Wyrażający opinie o tym, że Żydów nie warto było ratować, bo oni w większości nie ratowaliby Polaków, widzą tę sytuację w kategoriach kompletnie innych niż widzieli ją Ulmowie. Istotą czynu heroicznego generalnie jest to, że nie oczekuje się żadnych wzajemności. Ba, heroizm jest największy, gdy dobry uczynek dotyczy wroga. Tu nie było mowy o wrogach. Goldmanowie byli znajomymi Ulmów.
Druga zaś kwestia to ta, że Ulmowie w swoich gościach nie widzieli Żydów – widzieli w nich po prostu ludzi. Tu kryterium rasowe, a już zwłaszcza tworzące jakieś zasady odpowiedzialności zbiorowej i odnoszące się do tego, czy Żydzi w większości byli Polakom przychylni czy nie, jest całkowicie z innego porządku i nie ma nic do rzeczy.
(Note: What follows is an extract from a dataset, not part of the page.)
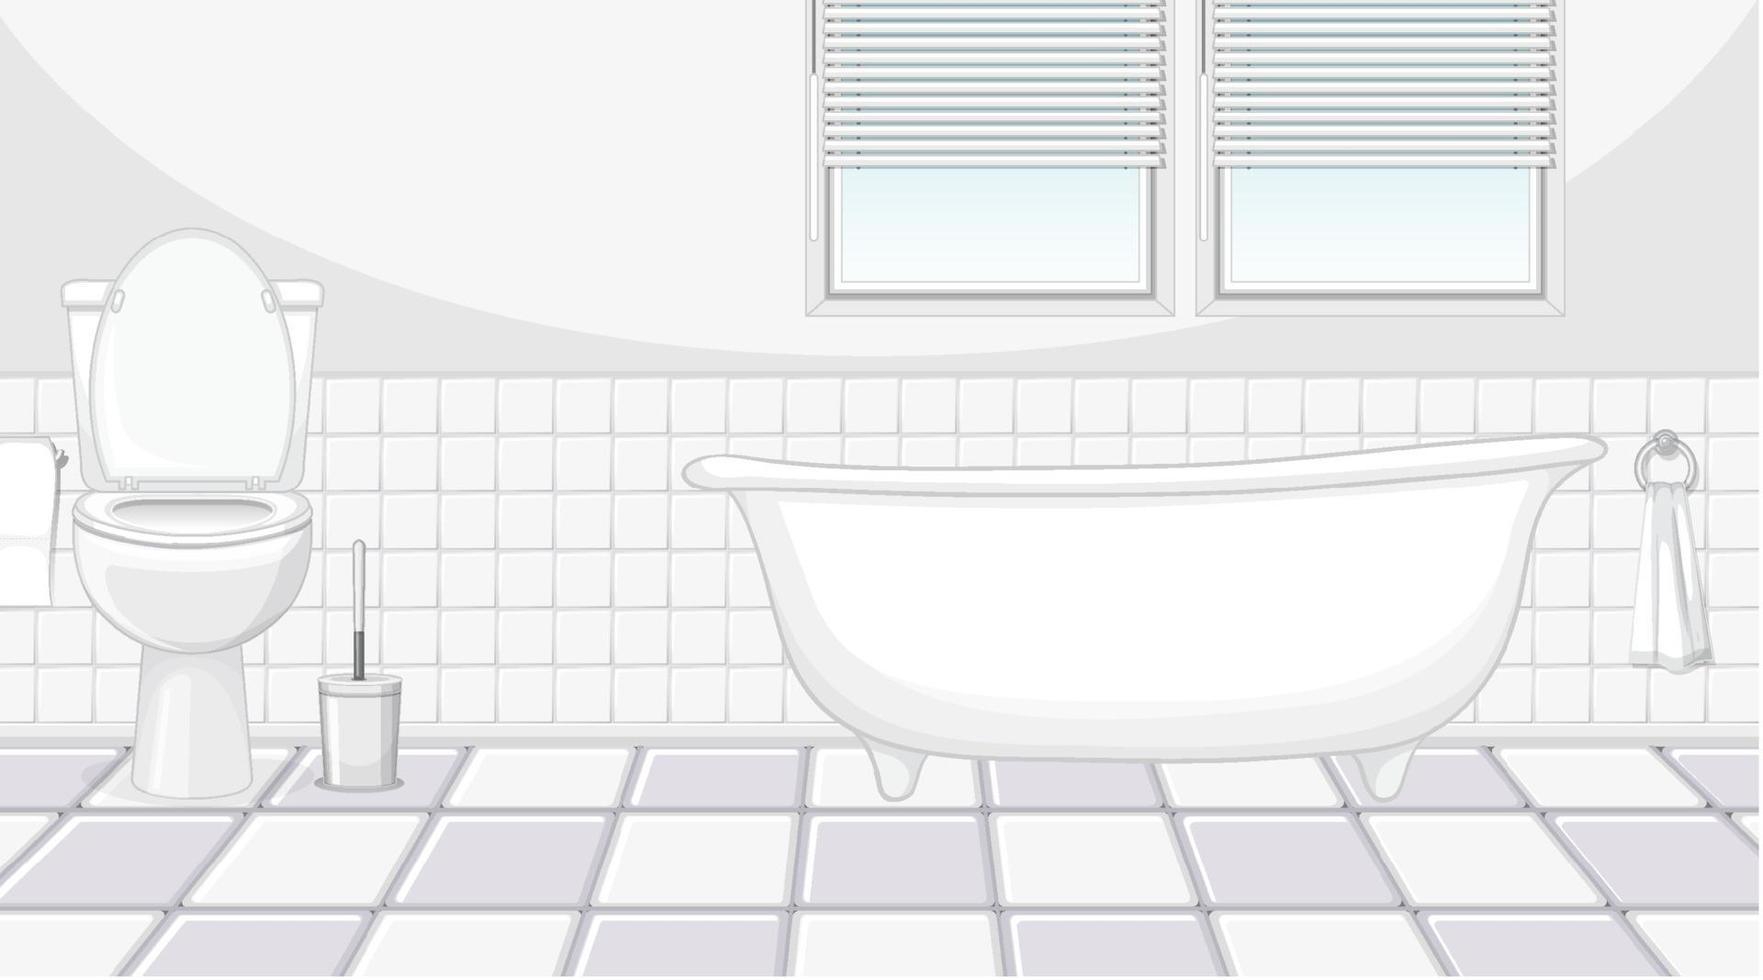 Bathroom interior design with furniture and bathtub vector

Całkowity ciężar winy za to, co się wydarzyło 24 marca 1944 r. w Markowej, spada na sprawców. W żadnej mierze nie ponoszą go Ulmowie. Logika, którą posługują się ich krytycy, jest trafna w codziennym, zwykłym życiu. Może być zrozumiała i nie zasługuje na potępienie także w sytuacjach granicznych, ekstremalnych – lecz wtedy pojawia się także logika heroizmu. I ją też trzeba rozumieć.